Had he gone hunting a fortune, Gramm might have ended up a country-club Republican. Instead he’s become a symbol of the new Republican elite. They’re well-educated (even professorial) believers in the power of ideas and scholarship to rescue private enterprise – and yet with a taste for chicken-fried steak and a delivery out of “Mayberry R.F.D.” He and his wife, Wendy Lee Gramm, whom he met when he recruited her to teach at A&M, are certified intellectuals – both hold doctorates in economics. But this is a different ivory tower. They honor Smith and Friedman, not Keynes and Galbraith. Wendy, a third-generation Korean-American, is a Wellesley grad (just like you know who) and a former federal regulator (the enemy) and serves on corporate boards, among them State Farm, the Chicago Mercantile Exchange and Iowa Beef Processors.

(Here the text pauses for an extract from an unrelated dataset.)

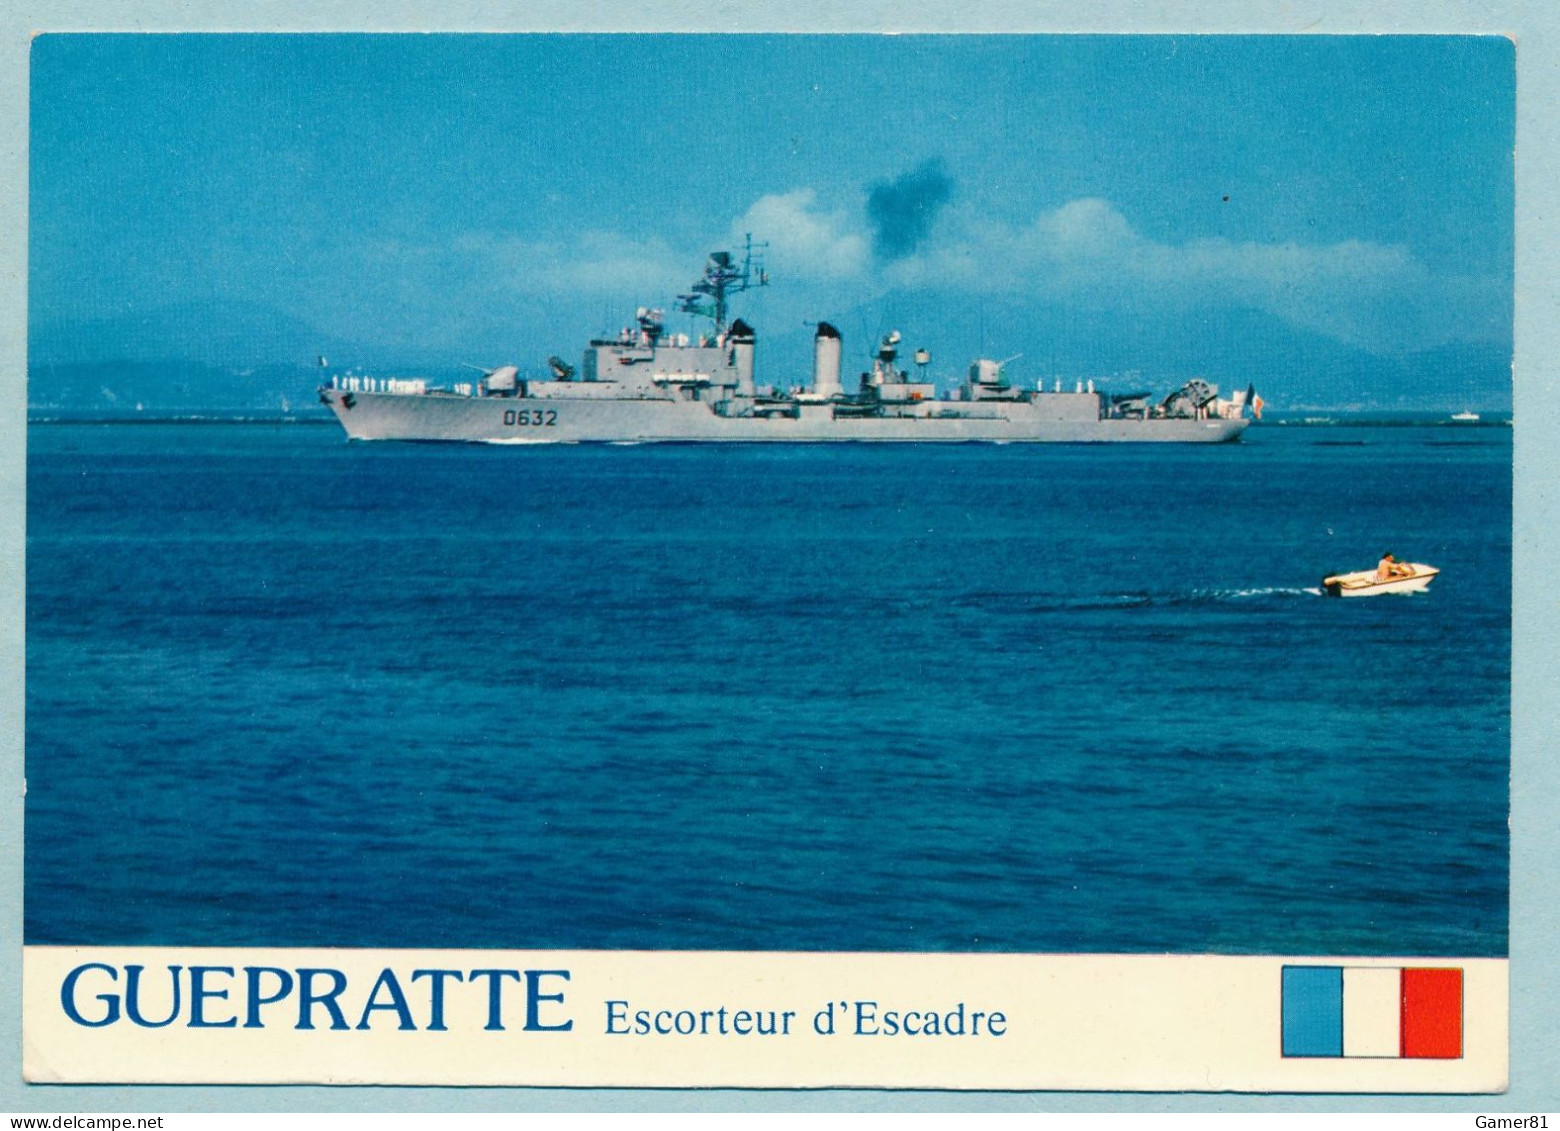 GUEPRATTE Escorteur D'Escadre 2750 Tonnes à TOULON Revue Navale 11/07/1976 Avec Le Pdt Valéry Giscard D'Estaing - Krieg

These days, the Gramms don’t live Dickey Flatt lives. They’ve made a comfortable Washington career out of attacking the city that is their principal home. They own vacation property in nearby Maryland and Virginia and sent their two sons to one of the most socially liberal private schoolsin town. If GOP primary voters wantan outsider, Gramm – angry rhetoric and all – may not be their man. But if sheer determination is enough to be “admired,” – and therefore nominated – Phil Gramm is well on the way.